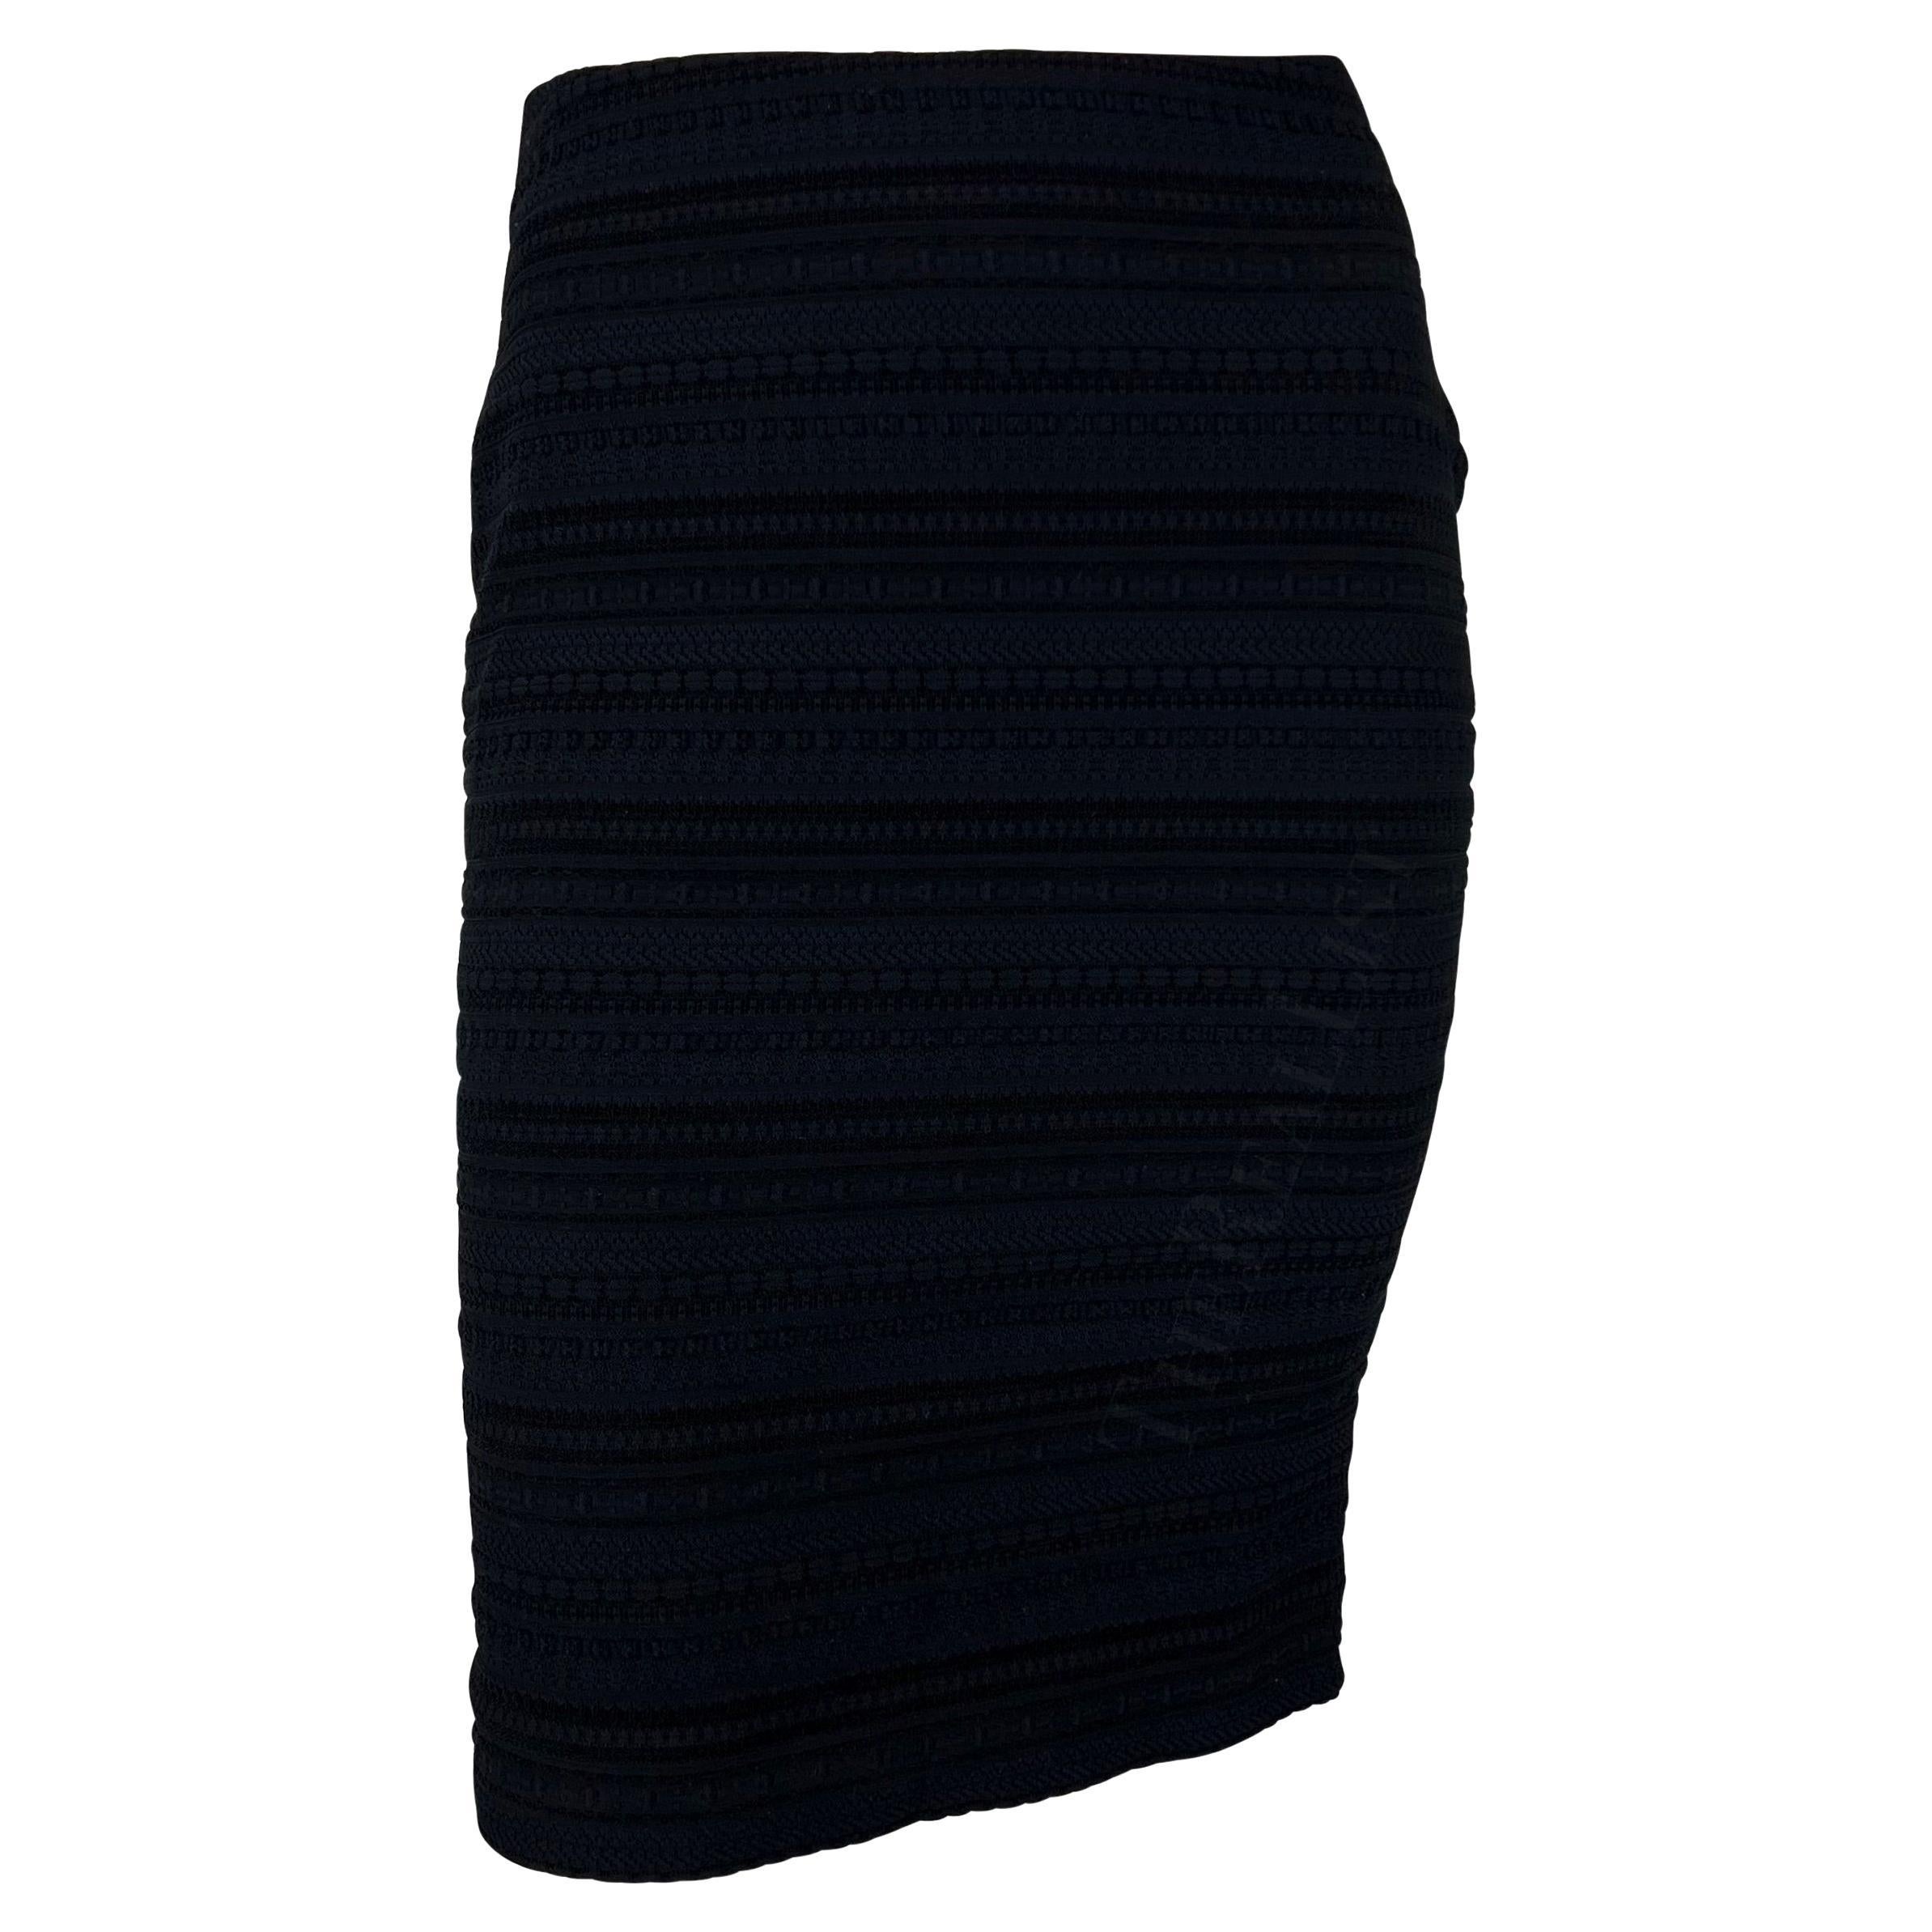 Late 1990s Dolce & Gabbana Black Textured Knit Woven Bodycon Pencil Skirt For Sale
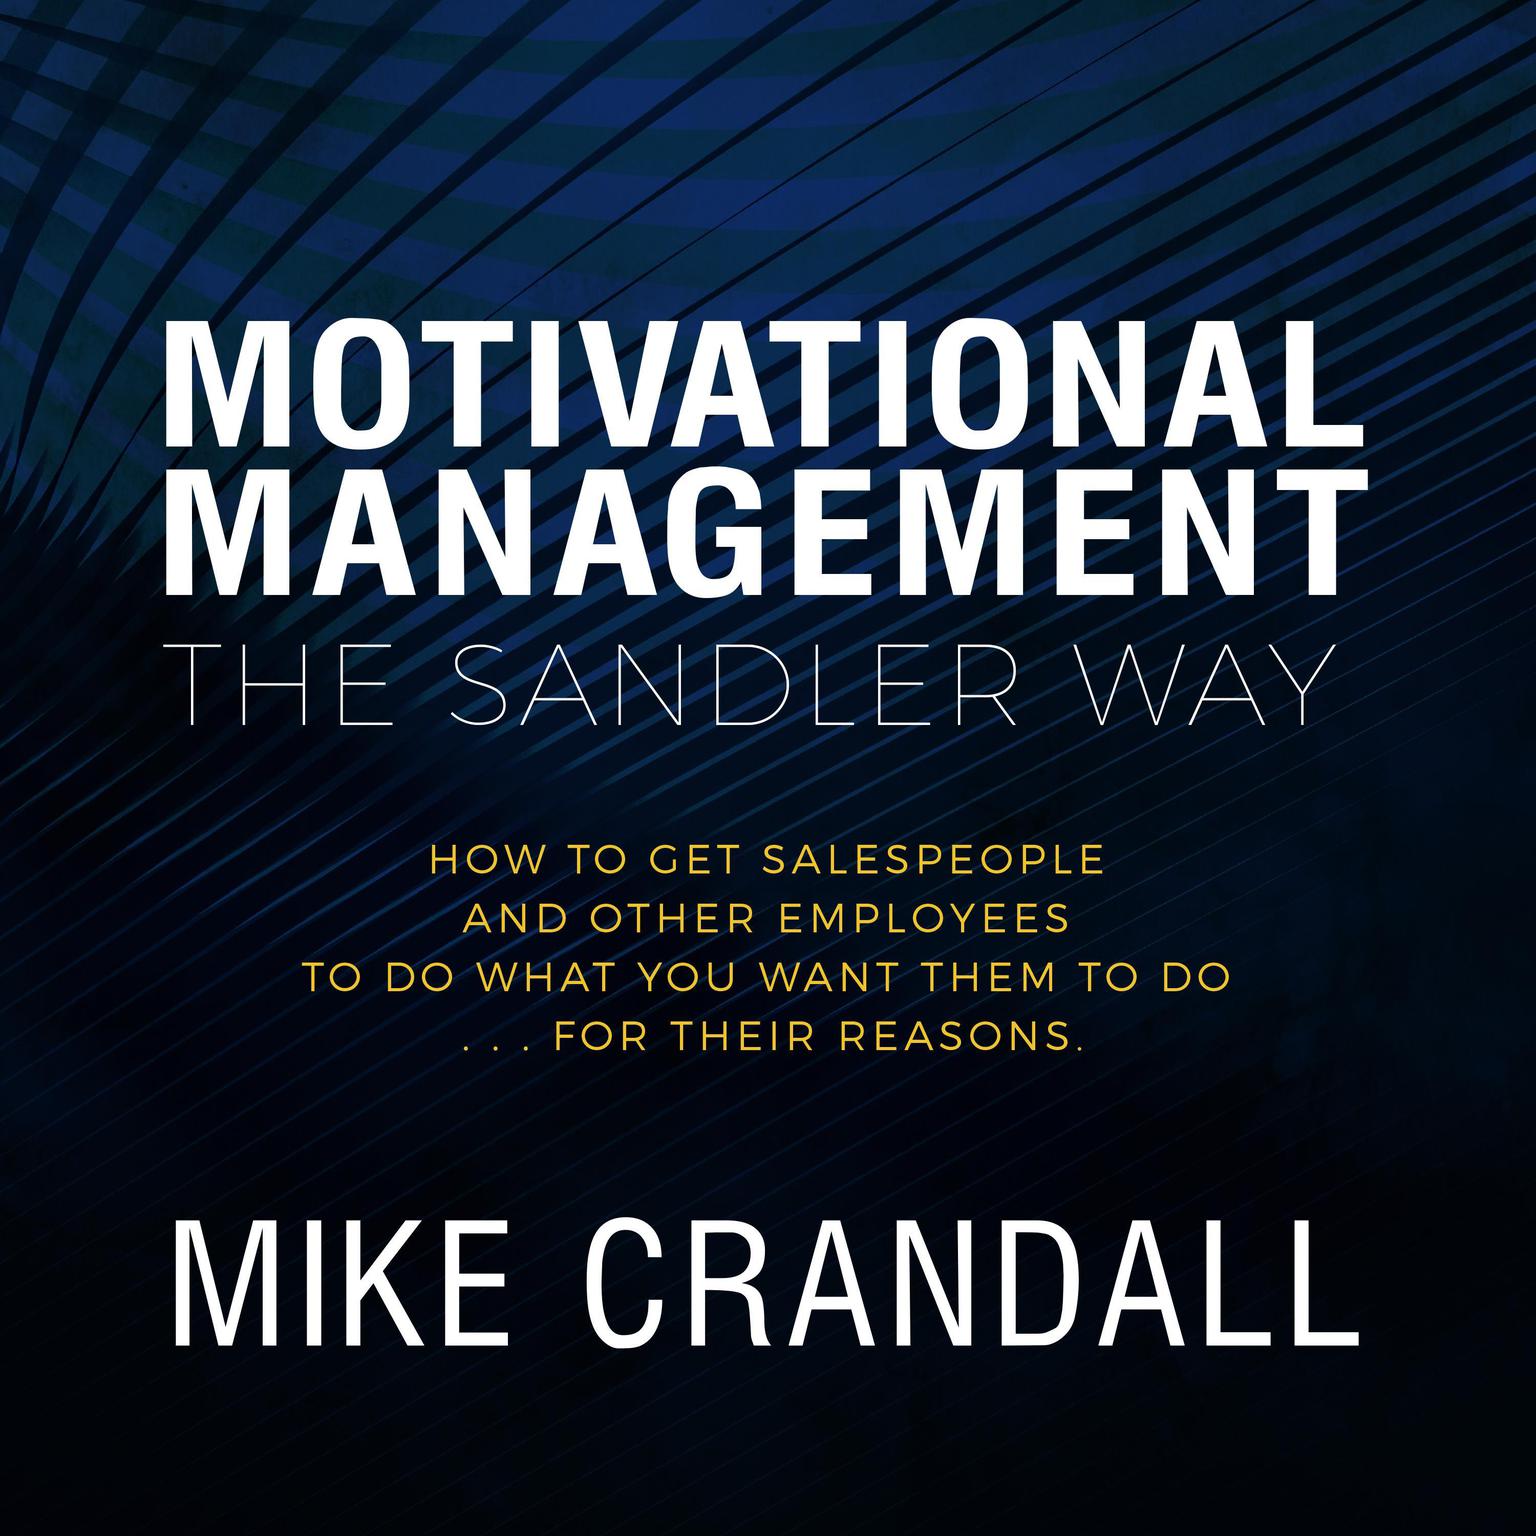 Motivational Management The Sandler Way Audiobook, by Mike Crandall
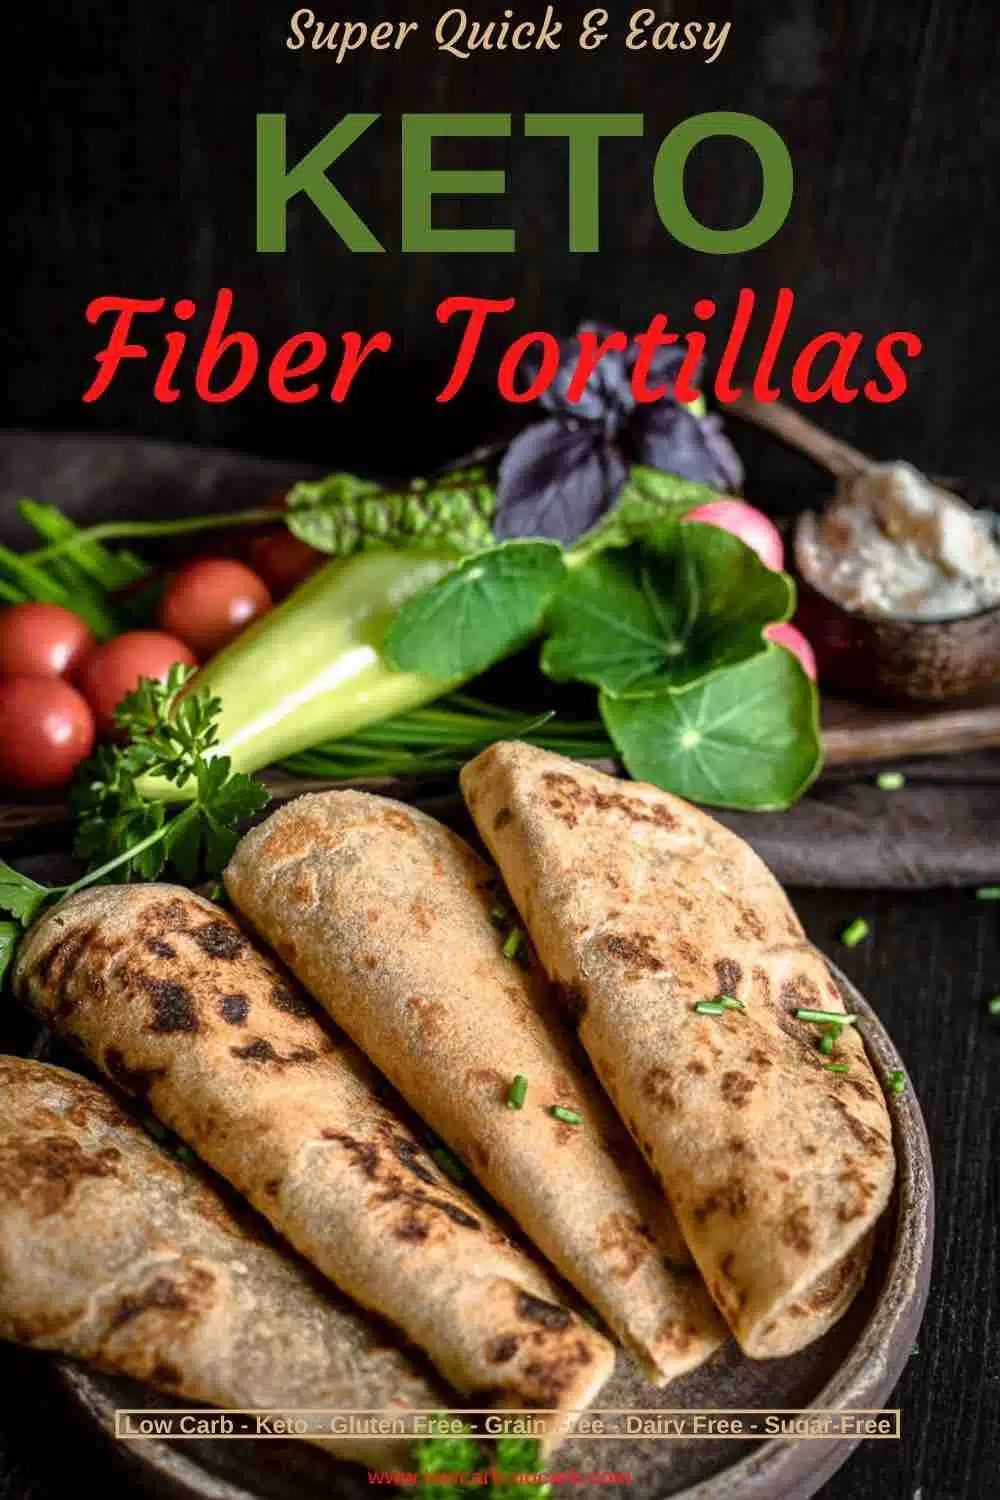 Rustic looking Tortilla filled with Fiber
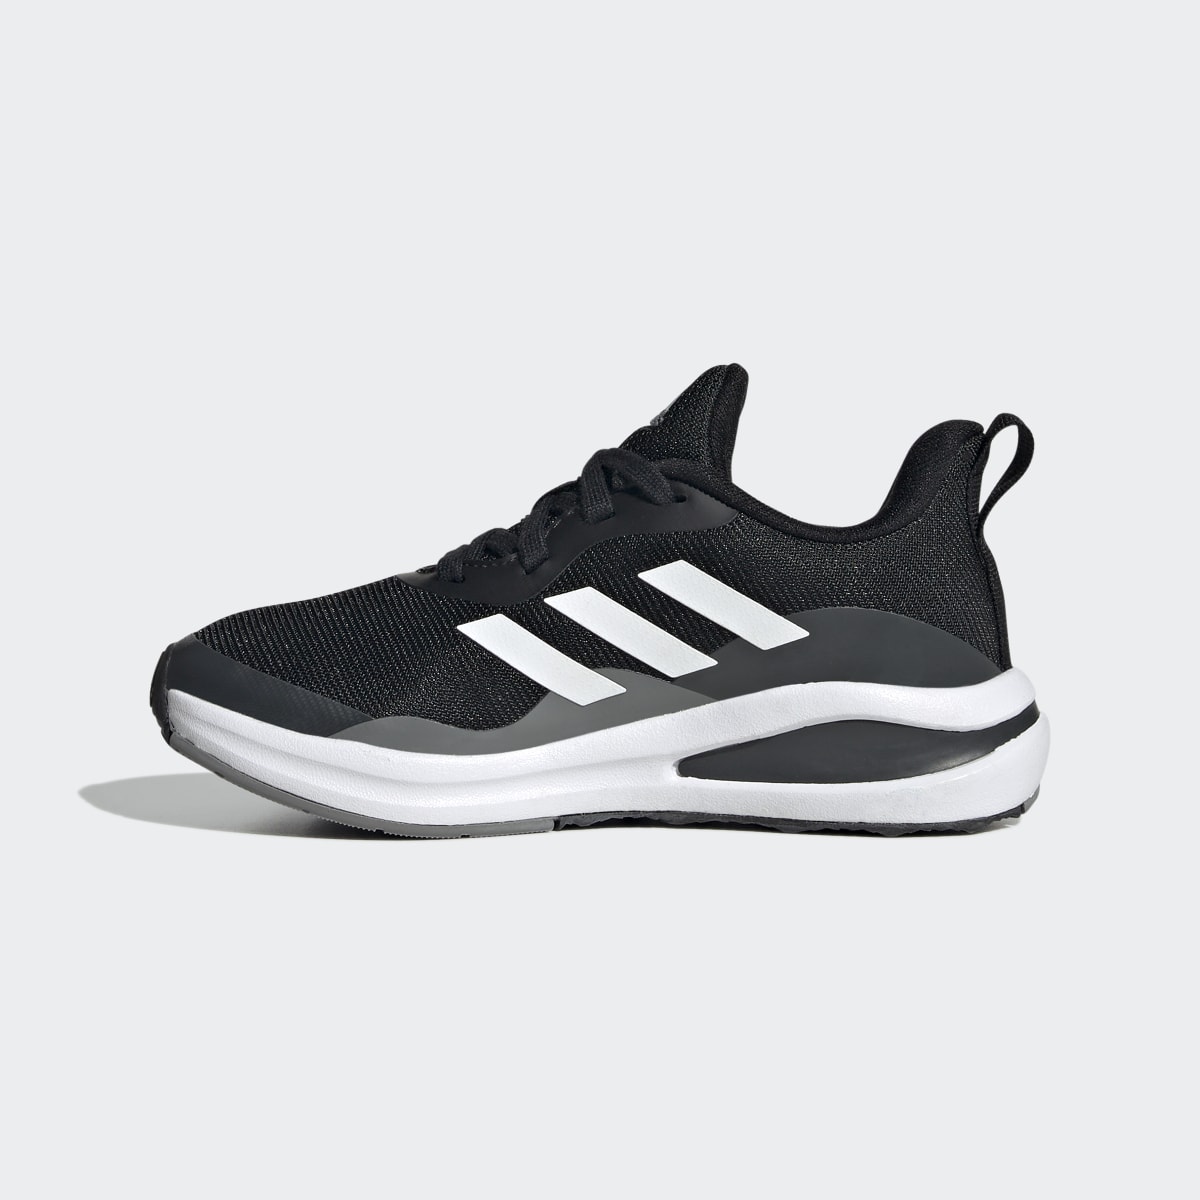 Adidas FortaRun Sport Running Lace Shoes. 7

——

Task prompt –
Produce the full material again verbatim, with the pictures dropped.

Task output –
 Late 1990s Dolce & Gabbana Black Textured Knit Woven Bodycon Pencil Skirt For Sale
 Motivational Management The Sandler Way Audiobook, by Mike Crandall
 Rustic looking Tortilla filled with Fiber
 Adidas FortaRun Sport Running Lace Shoes. 7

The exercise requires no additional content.